Police in northern India’s Uttar Pradesh state arrested a pastor and four other Christians under the “anti-conversion” law while they were holding a prayer meeting after members of a radical Hindu nationalist group disrupted the gathering and filed a false complaint.

Pastor Richard Benjamin and four believers, who attended the prayer meeting in a Christian's home in Faizabad district’s Jharuva village, spent five days in jail before being released on bail on Sept. 14, the U.S.-based persecution watchdog International Christian Concern reported Sunday.

“This is the third time I was put into jail in the last 10 years,” the pastor was quoted as saying. “The five days I spent in jail were difficult as we couldn’t get enough food and the jailer gave us a lot of work. I fainted a couple of times due to the lack of food.”

During the prayer meeting on Sept. 10, five activists from the radical Hindu nationalist group Bajrang Dal forced themselves into the house, claiming the Christians were “forcibly” converting people. They filed a police complaint leading to the arrest of the five.

Police officers initially wanted to release Pastor Benjamin and the four others, but local politicians pressured them to book the Christians under the state’s recently enacted anti-conversion law, sources told ICC.

Uttar Pradesh

ICC says it has documented at least 30 incidents of Christian persecution in Uttar Pradesh since the enactment of the anti-conversion law in December 2020.

The law, which presumes that Christian workers “force” or give financial benefits to Hindus to convert them to Christianity, states that no one is allowed to use the “threat” of “divine displeasure,” meaning Christians cannot talk about Heaven or Hell, as that would be seen as “forcing” someone to convert. And if snacks or meals are served to Hindus after an evangelistic meeting, that could be seen as “inducement.”

Christians make up about 2.5% of India’s population, while Hindus comprise 79.5%.

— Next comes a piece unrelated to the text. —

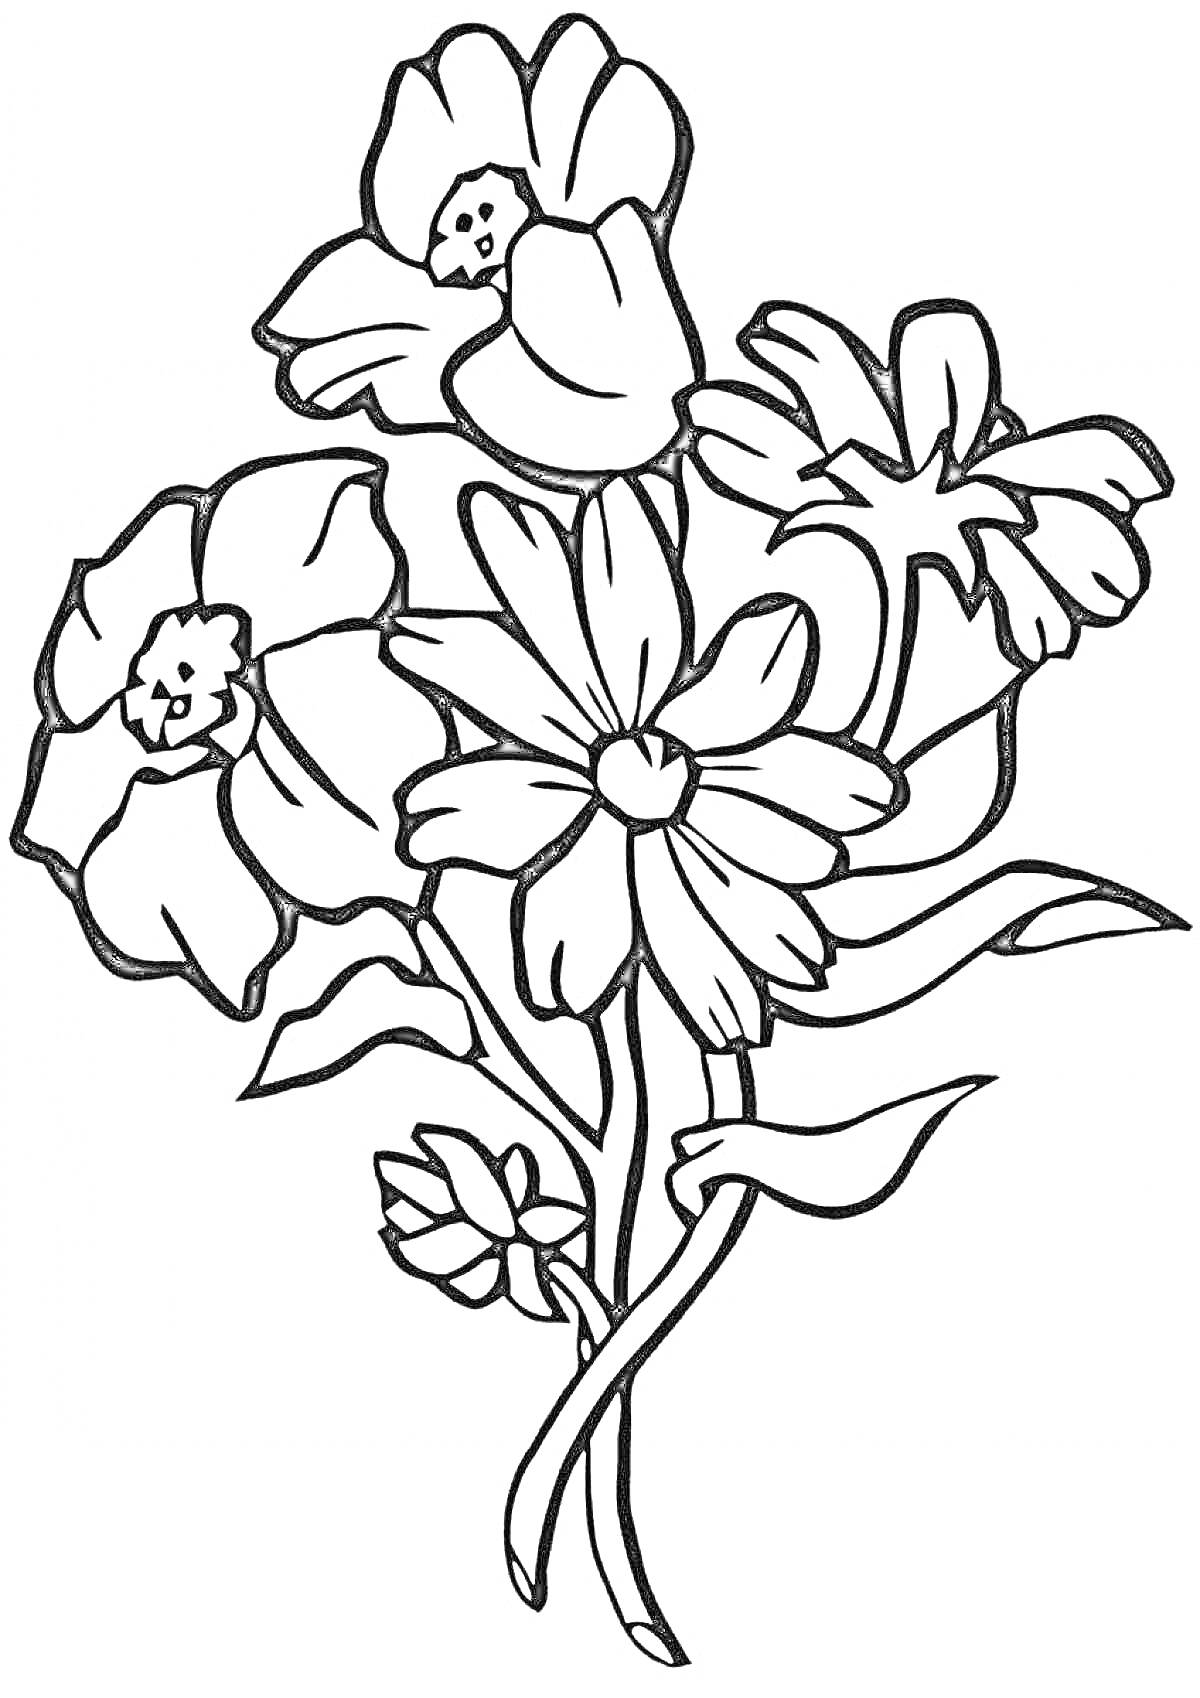 Раскраска Букет цветов с несколькими видами, включая незабудки

Several Indian states have similar anti-conversion laws. While some of these laws have been in place for decades in some states, no Christian has been convicted of “forcibly” converting anyone to Christianity. These laws, however, allow Hindu nationalist groups to make false charges against Christians and launch attacks on them under the pretext of the alleged forced conversion.

The ICC previously noted that India’s own population data proves that the conspiracy of mass conversions to Christianity is a false claim. “In 1951, the first census after independence, Christians made up only 2.3% of India’s overall population. According to the 2011 census, the most recent census data available, Christians still only make up 2.3% of the population.”

India ranks as the 10th worst country globally when it comes to Christian persecution, according to Open Doors USA’s 2021 World Watch List. The U.S. Commission on International Religious Freedom has urged the U.S. State Department to label India as a “country of particular concern” for engaging in or tolerating severe religious freedom violations.

Open Doors USA warns that since the ruling Hindu nationalist Bharatiya Janata Party took power in 2014, persecution against Christians and other religious minorities has increased. 

The group reports that “Hindu radicals often attack Christians with little to no consequences.”

“Hindu extremists believe that all Indians should be Hindus and that the country should be rid of Christianity and Islam,” an Open Doors fact sheet on India explains. “They use extensive violence to achieve this goal, particularly targeting Christians from a Hindu background. Christians are accused of following a ‘foreign faith’ and blamed for bad luck in their communities.”